§ Exercise description: Using the data beneath this instruction, retype only the lines from the one that contains "pdf Populism, Gender, and" down to the one that contains "Personal Pronouns English", both included, exactly as they appear.

§ Information:
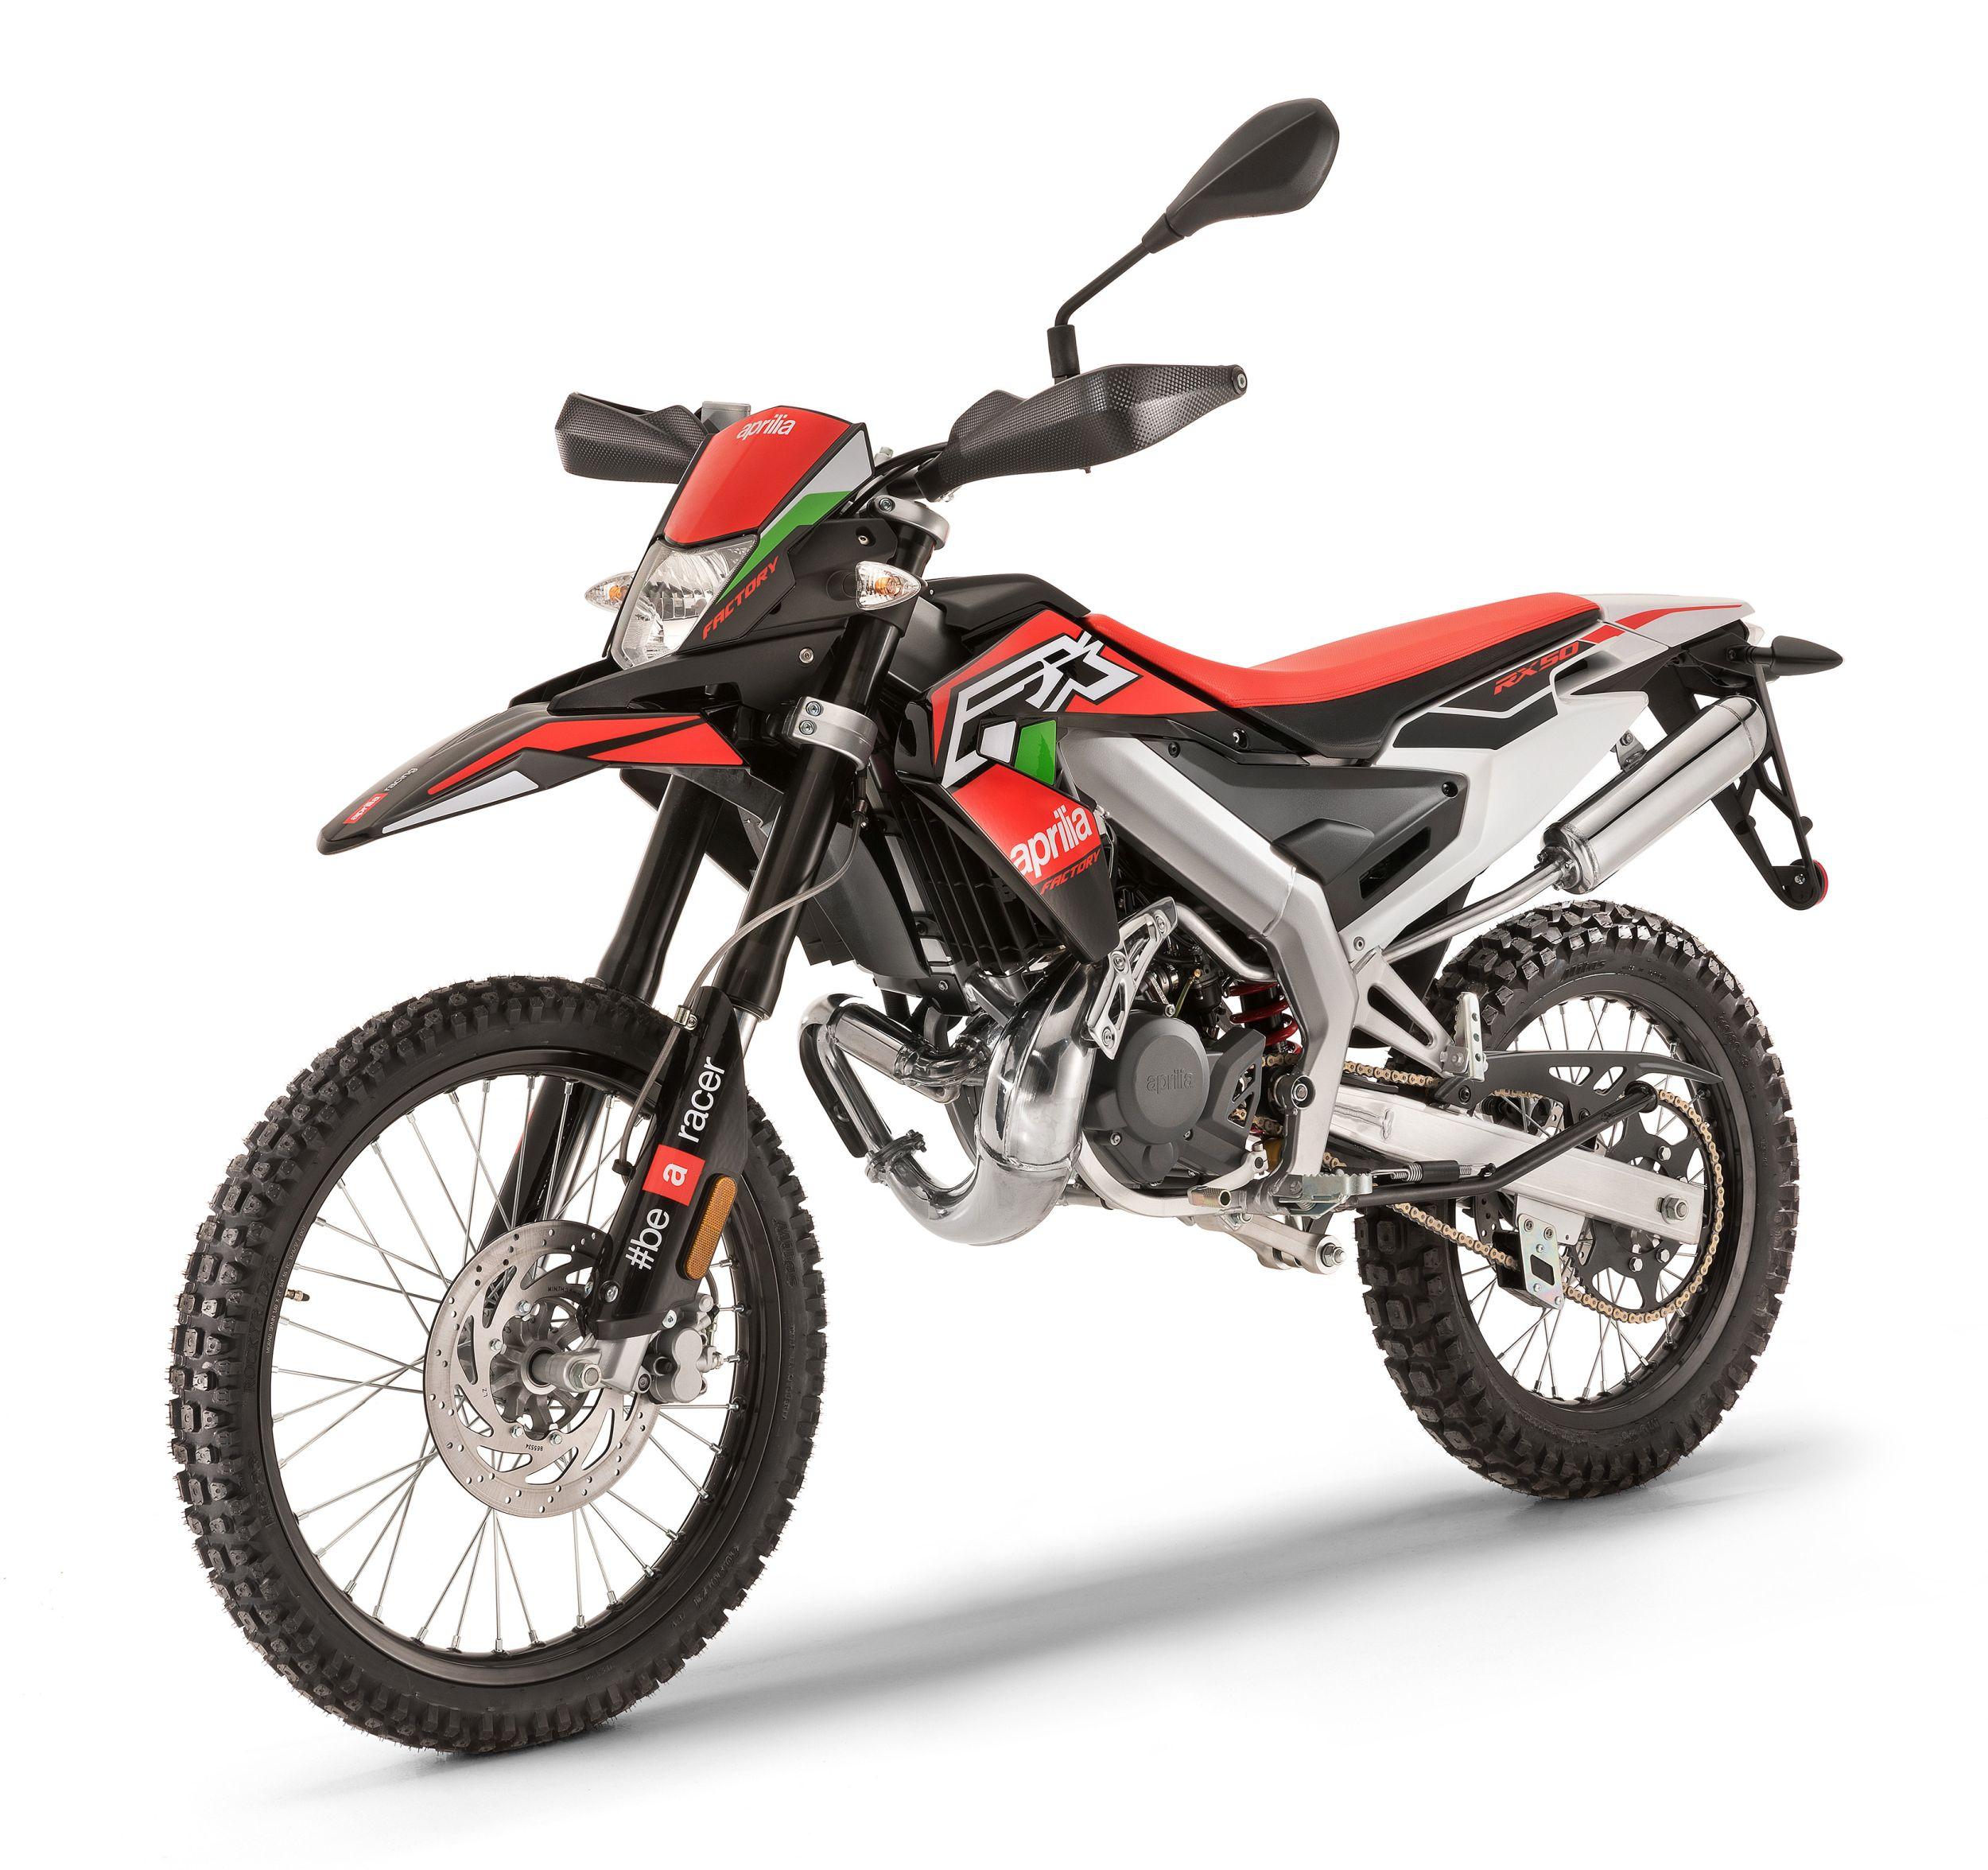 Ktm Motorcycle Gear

--

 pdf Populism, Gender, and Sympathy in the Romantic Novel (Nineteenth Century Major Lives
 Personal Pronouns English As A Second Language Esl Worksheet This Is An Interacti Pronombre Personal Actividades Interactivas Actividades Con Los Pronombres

§ Exercise solution:
 pdf Populism, Gender, and Sympathy in the Romantic Novel (Nineteenth Century Major Lives
 Personal Pronouns English As A Second Language Esl Worksheet This Is An Interacti Pronombre Personal Actividades Interactivas Actividades Con Los Pronombres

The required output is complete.